Un-Lockeing the Morality of Markets

John Locke is usually remembered as a source for the Declaration of Independence. But in a small pamphlet written in 1660 he also displays a keen sense of economic justice.

In 17th-century Europe the price of wheat would vary by town. What was available in one city might be scarce in another. Locke noted two towns—one where the price was five shillings a bushel, and another where the price was 20 shillings, where there practically a famine. If it costs me the same to transport the grain to either town, which should I ship to and what should I charge?

The answer seems obvious to us: the 20-shilling town, and we should charge the market price. Not only do we maximize our own profit, but we help avert starvation. But is it moral to sell grain for twenty shillings, when it would only bear a 5-shilling price somewhere else?

Locke says yes, because not only are we satisfying an arms-length contract, but if we tried to sell the grain for less, intermediaries would snap it up and sell it at the (higher) market price.
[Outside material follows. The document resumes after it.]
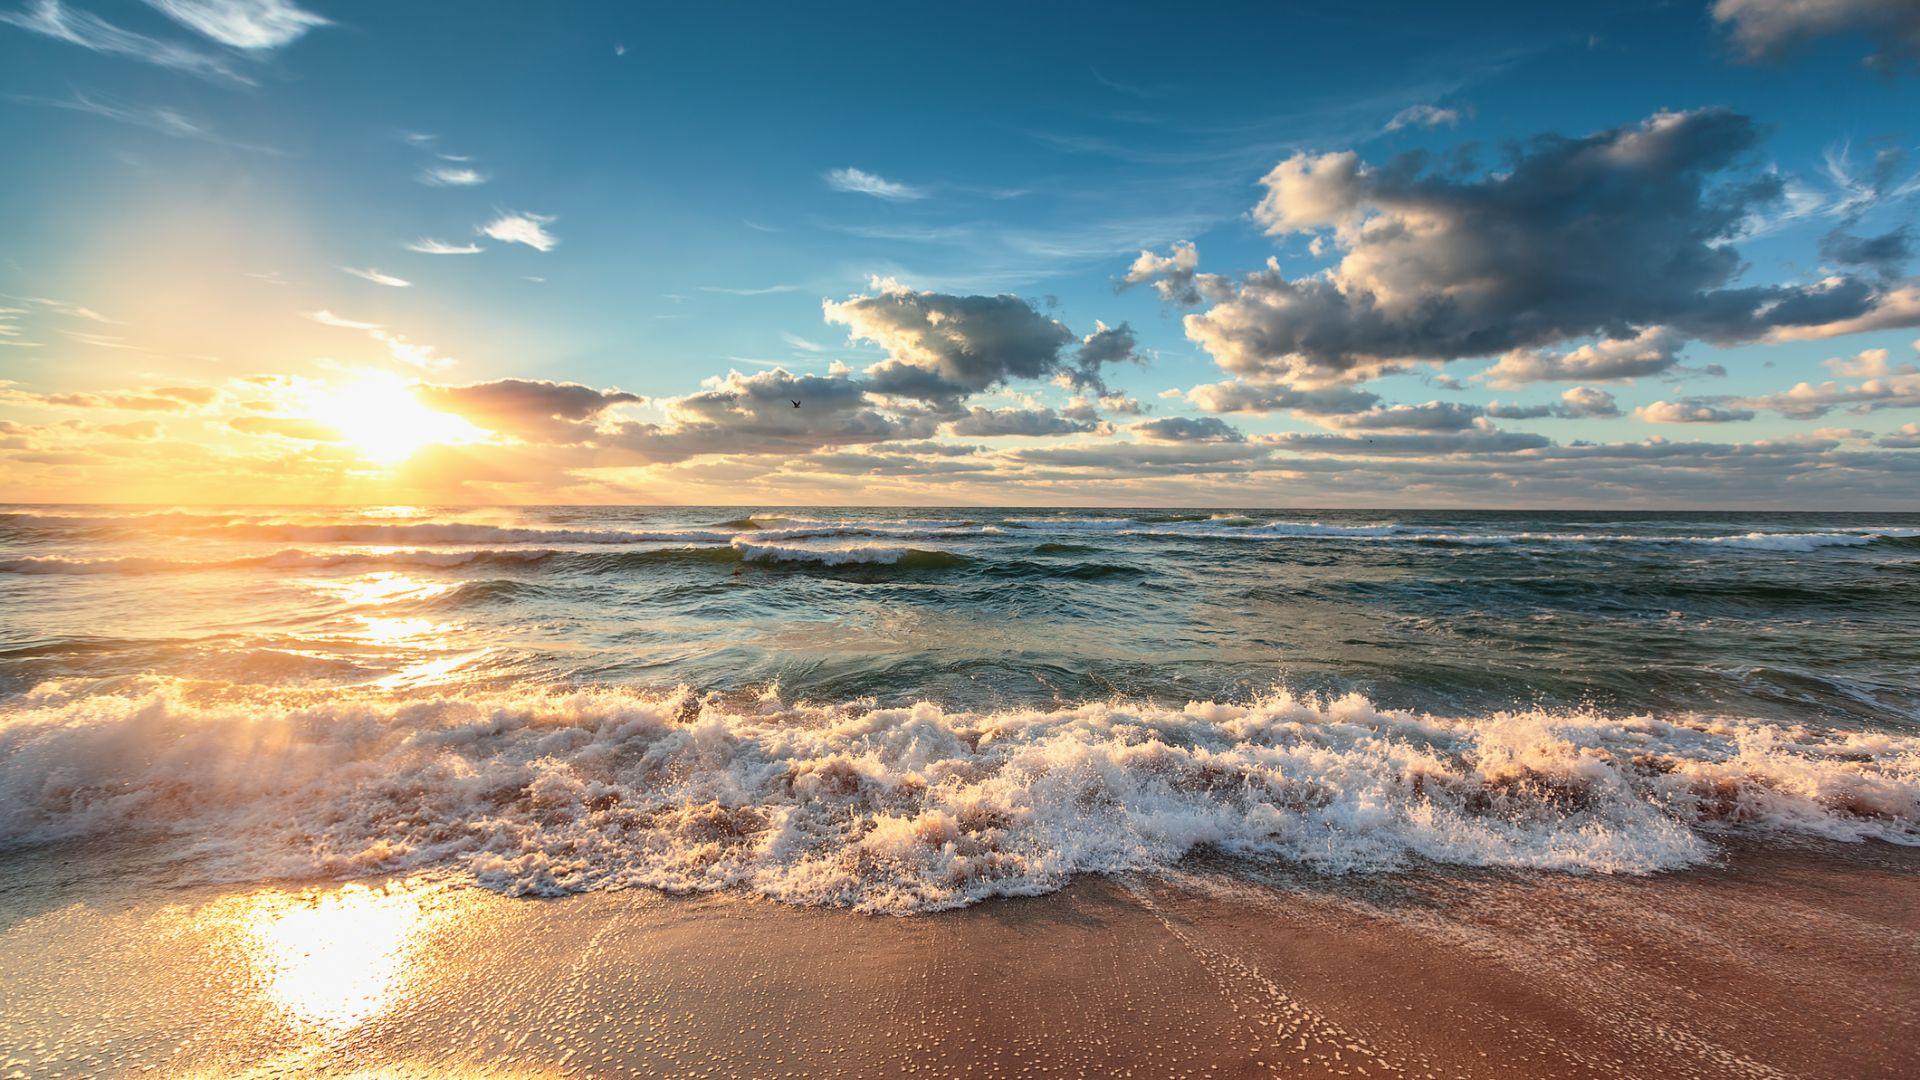 Идат няколко дни с летни температури, ще става дори за плаж
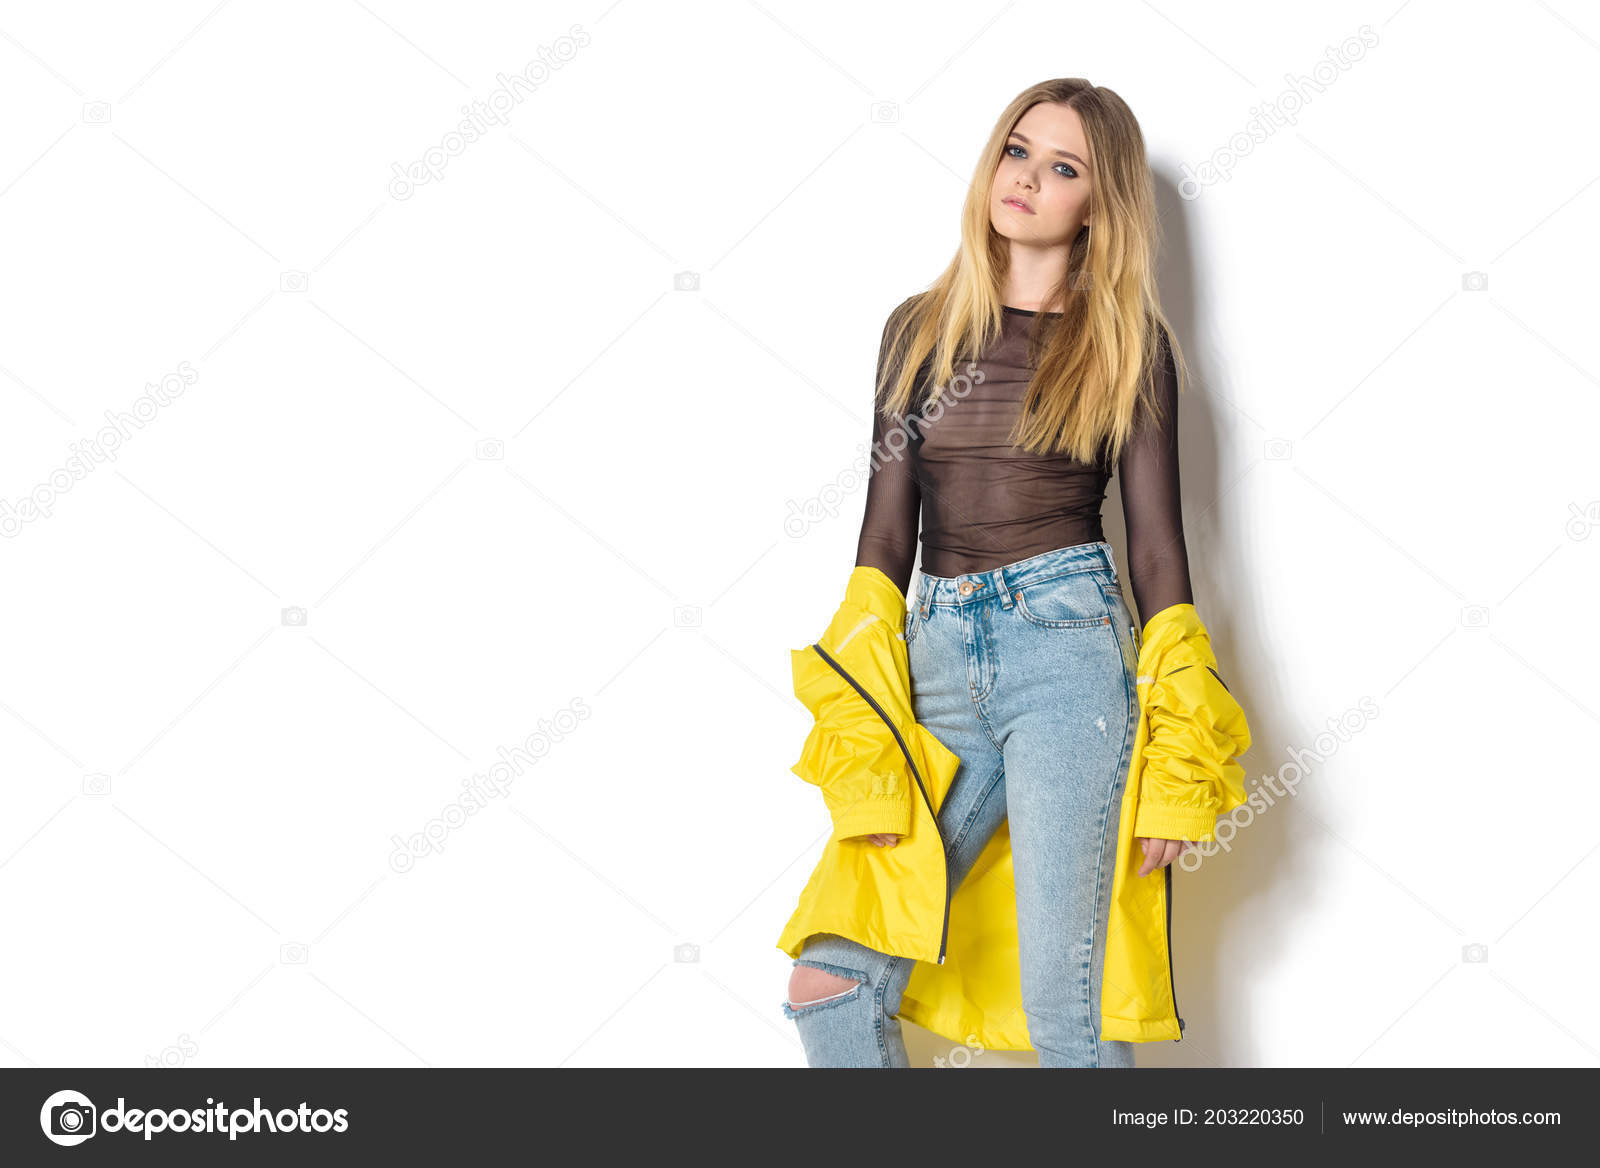 Прозрачная рубашка девушка

We would impoverish ourselves without helping the poor townsfolk.

Through this Locke has something to say about Sandy, New Jersey, and price gouging. New Jersey has an anti-gouging law that prohibits retailers from raising prices more than 10% in the aftermath of a natural disaster. After Sandy struck, most gas stations didn’t have power and couldn’t pump, so there was a shortage. People waited hours to get gas. If the price had been allowed to clear, owners would have rented generators to get the other stations going—or they would have trucked in gas from Pennsylvania. The gas shortage wasn’t caused by Sandy, it was caused by a government price control that set the price too low—so there was too much demand and not enough supply. There’s no legislature that can repeal the law of supply and demand.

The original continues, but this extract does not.